The week of events closed out with FX’s AMERICAN HORROR STORY with creator Ryan Murphy in attendance along with his stable of actors. While many were hoping the writer would reveal the big theme for the next season of the series, Murphy happily disappointed, saying, “The interesting thing about the next season is that we’ve been working on two ideas at once, which we’ve never done.” The juggling act meant that Murphy’s new anthology wasn’t ready for a big reveal just yet.
Murphy did hint that the series has always been influenced by “the opera” and “the innocence of children, their wide-eyed way into it. … Both ideas we’re working with have elements of children.” He also confirmed that the panel of actors with him for the day – Kathy Bates, Denis O’Hare, Angela Bassett, Sarah Paulson, Finn Wittrock, Wes Bentley, Cheyenne Jackson, and Matt Bomer – will return next season. It was later announced via radio that Lady Gaga would be returning as well.

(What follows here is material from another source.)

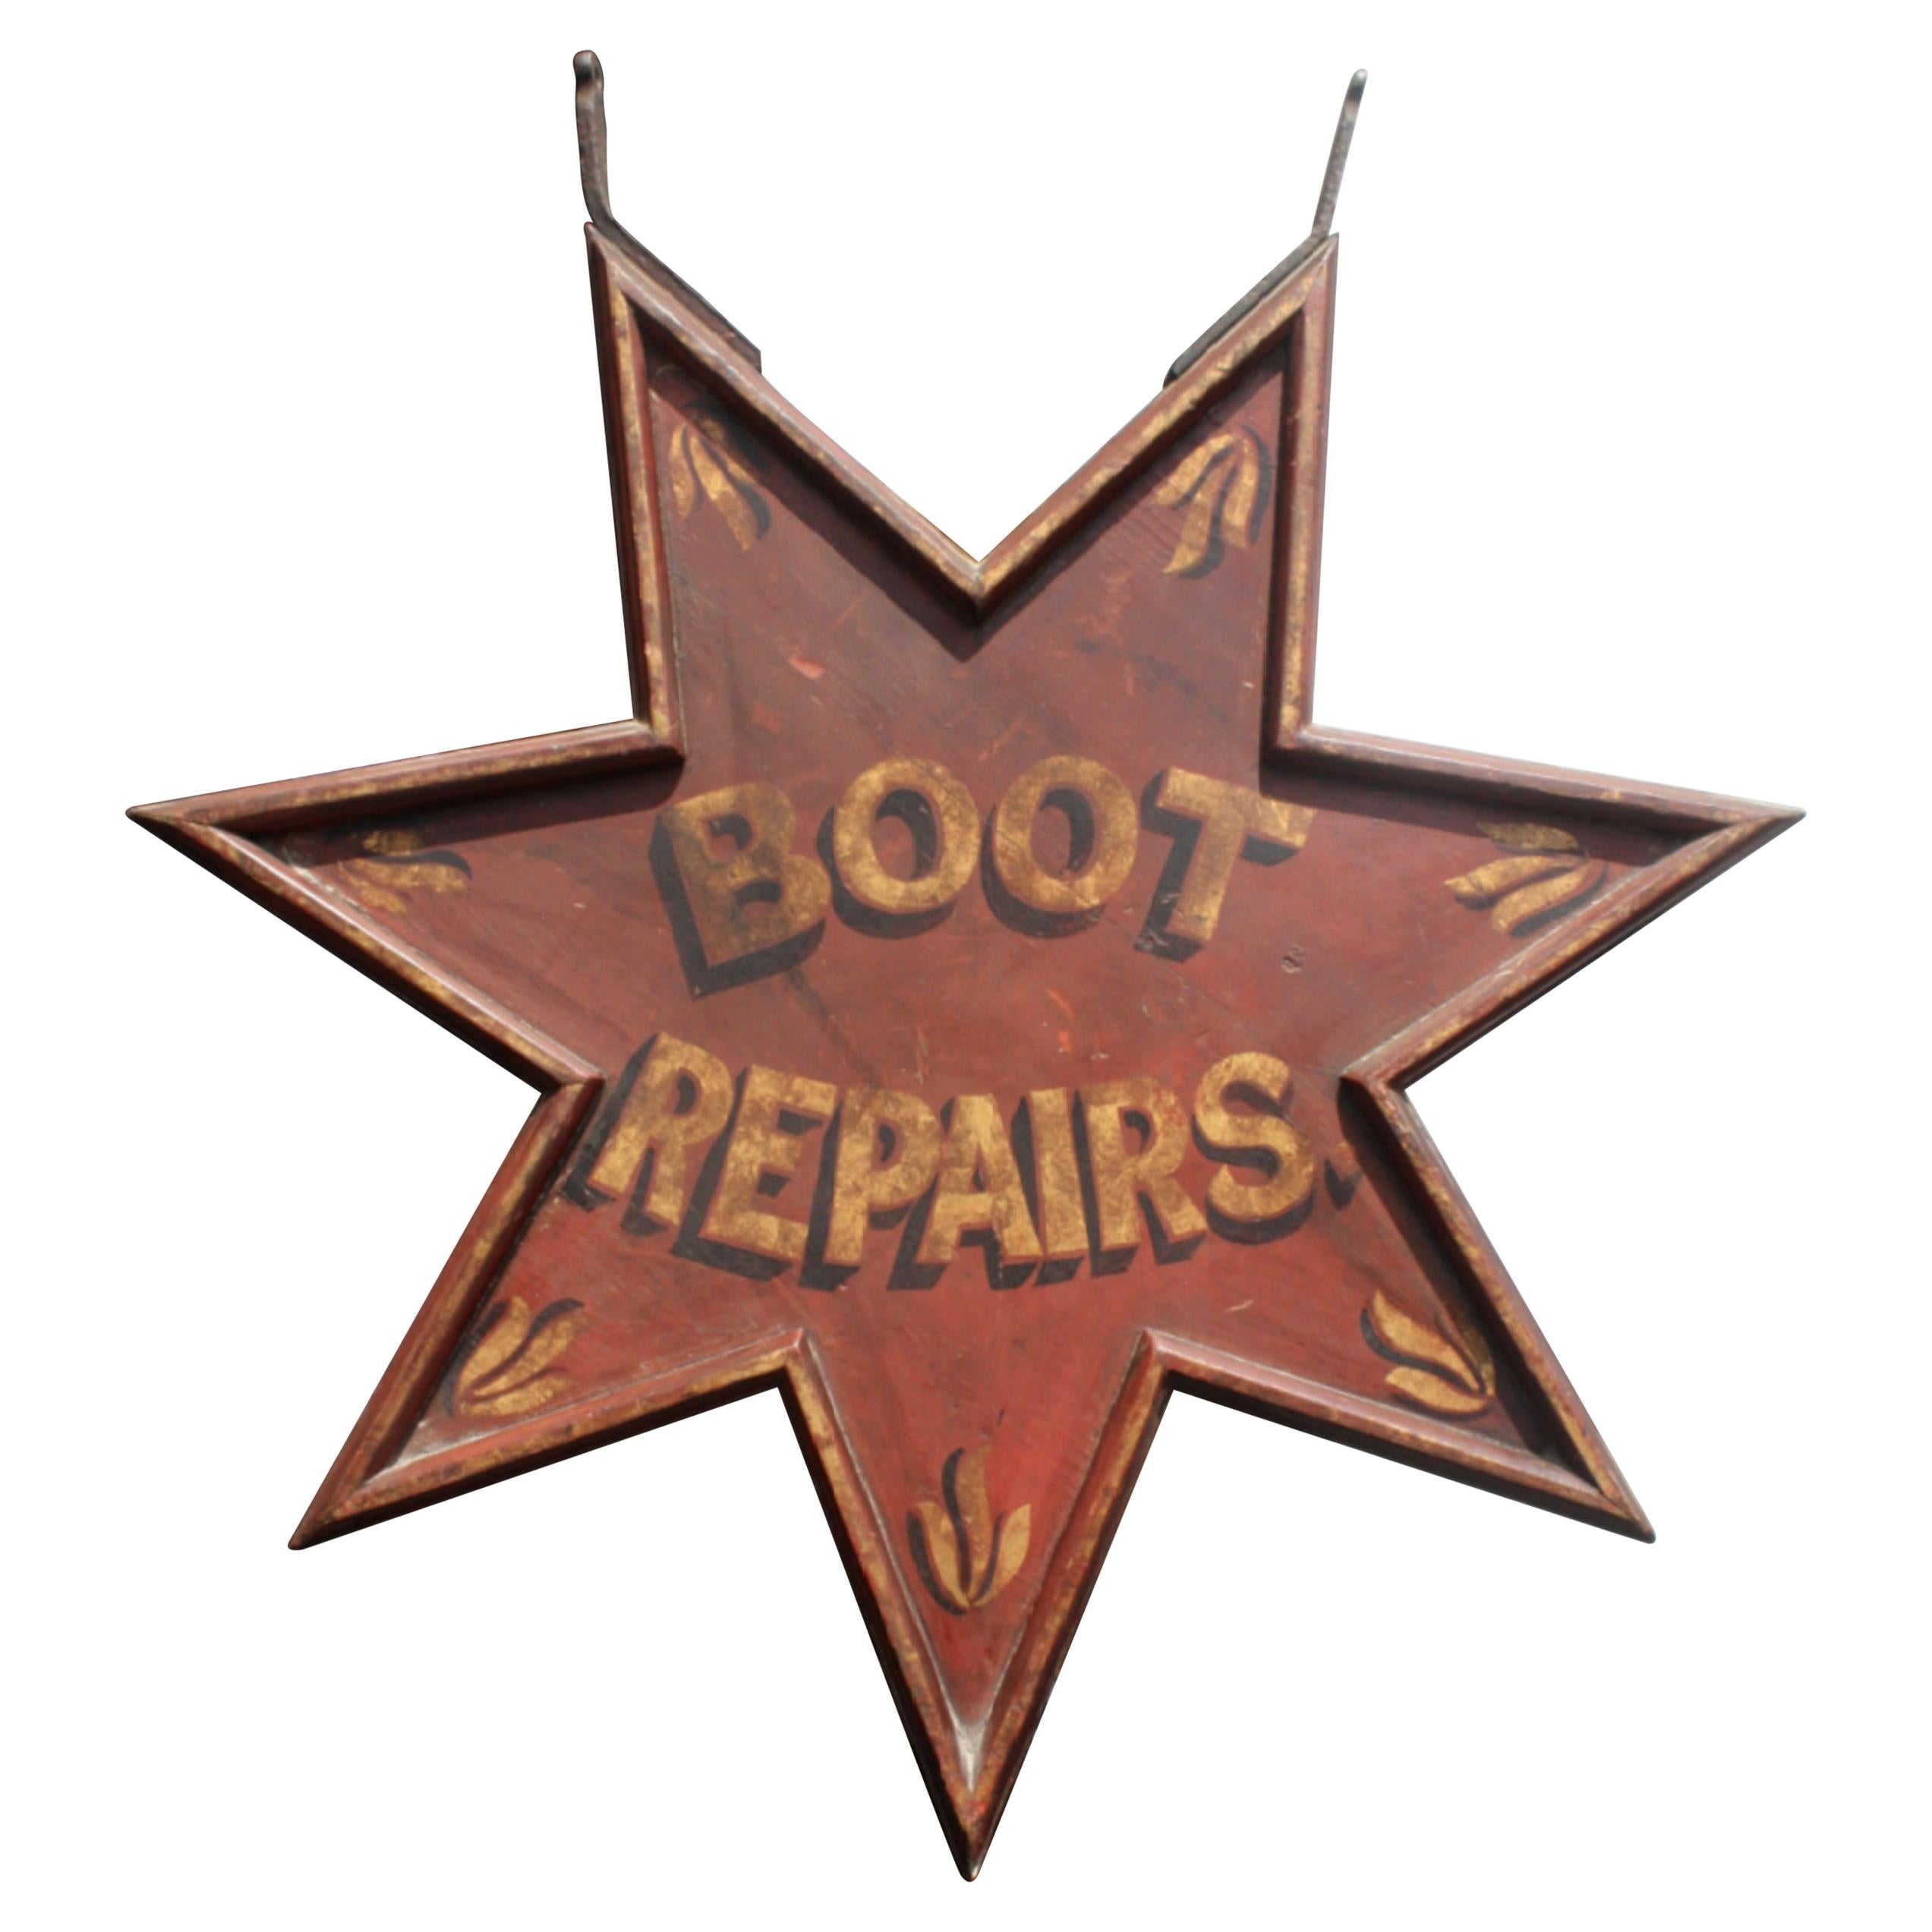 Early 20th Century Red Star Trade Sign Folk Art "Boot Repair" R Kennetts

The week and a half of events showed not only the diverse casts, creators, and stories currently on television, but in the presentation of Dick Wolf as a centerpiece, PaleyFest highlighted television’s ability to evolve in real time with its audience and the strong relationship between the teams and their fans. Whether it was Billie Lourd borrowing a pair of earmuffs from and audience or Ice-T making jokes only fans of his twenty years of working with Wolf would understand, the fans are as much a part of the show as anyone on a panel, making PaleyFest a one-of-a-kind series.
Emily is a writer and television obsessor. If desired, Emily will talk to you at potentially-annoying-length about topics such as why the CW is her favorite channel, the current amazing state of underground comedy, and how she avoids TV/films about zombies because most of them do not chew with their mouths closed.